ICI Viewpoints
How SIFI Designation Could Undermine Fund Governance: Parsing the Fed’s Proposal for GE Capital
Fund boards and independent directors have a long history of serving shareholder interests, yet today they face an alarming prospect that could threaten their ability to continue doing so. I refer to the possibility that funds or fund advisers might be designated as “systemically important financial institutions” (SIFIs) and thus subject to “enhanced prudential supervision” by the Federal Reserve Board.
SIFI designation and prudential supervision by the Fed could fundamentally alter the governance of regulated funds in the United States. Consider, for example, the implications of SIFI designation for governance of General Electric Capital Corporation.
Proposed Restrictions on GE Capital’s Board
We have written a number of ICI Viewpoints pieces about efforts by the U.S. Financial Stability Oversight Council (FSOC) to determine whether financial firms other than banks pose outsized risks to the financial system. Firms that the FSOC considers to pose systemic risk are designated as SIFIs under the Dodd-Frank Act and regulated by the Federal Reserve.

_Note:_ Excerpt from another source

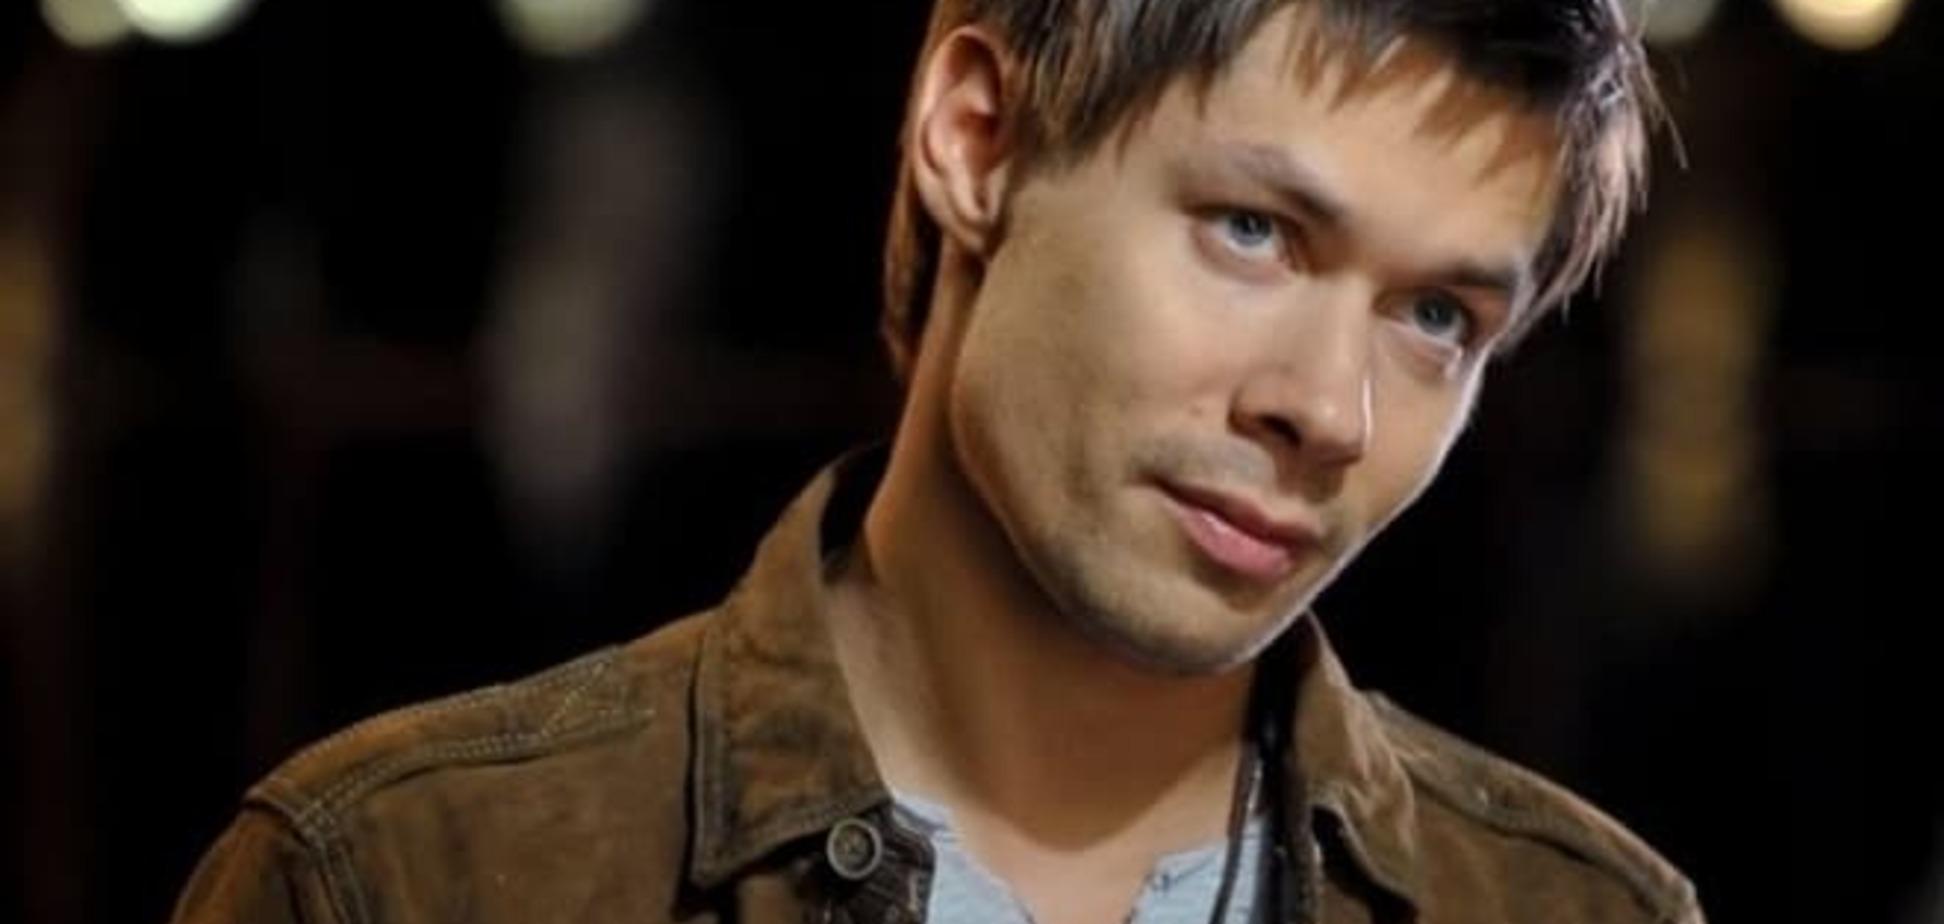 Три реанимации и инфаркт: российский певец чудом выжил

One of the firms that the FSOC has already designated is GE Capital. To provide specificity for its new oversight role, the Federal Reserve Board has proposed an extensive set of enhanced prudential standards for GE Capital, including unprecedented, highly prescriptive requirements for its board of directors. The Fed is still working through comments on its proposal—including comments from GE Capital itself—and we can’t be certain how its final rule will turn out. But we do know that what the Fed has proposed constitutes a remarkable intrusion on the existing governance arrangements of GE Capital as well as its parent, the General Electric Corporation.
What Might Fund Boards Face?
The Fed’s approach to governance derives from its experience with the largest global banks, and it seems intent on applying that governance template elsewhere. Its approach consists, first, of reshaping the composition of boards and effectively changing the loyalties of directors consistent with the Fed’s interests in prudential supervision; and second, of imposing on boards detailed new responsibilities and requirements that ultimately will need to be carried out to the Fed’s satisfaction.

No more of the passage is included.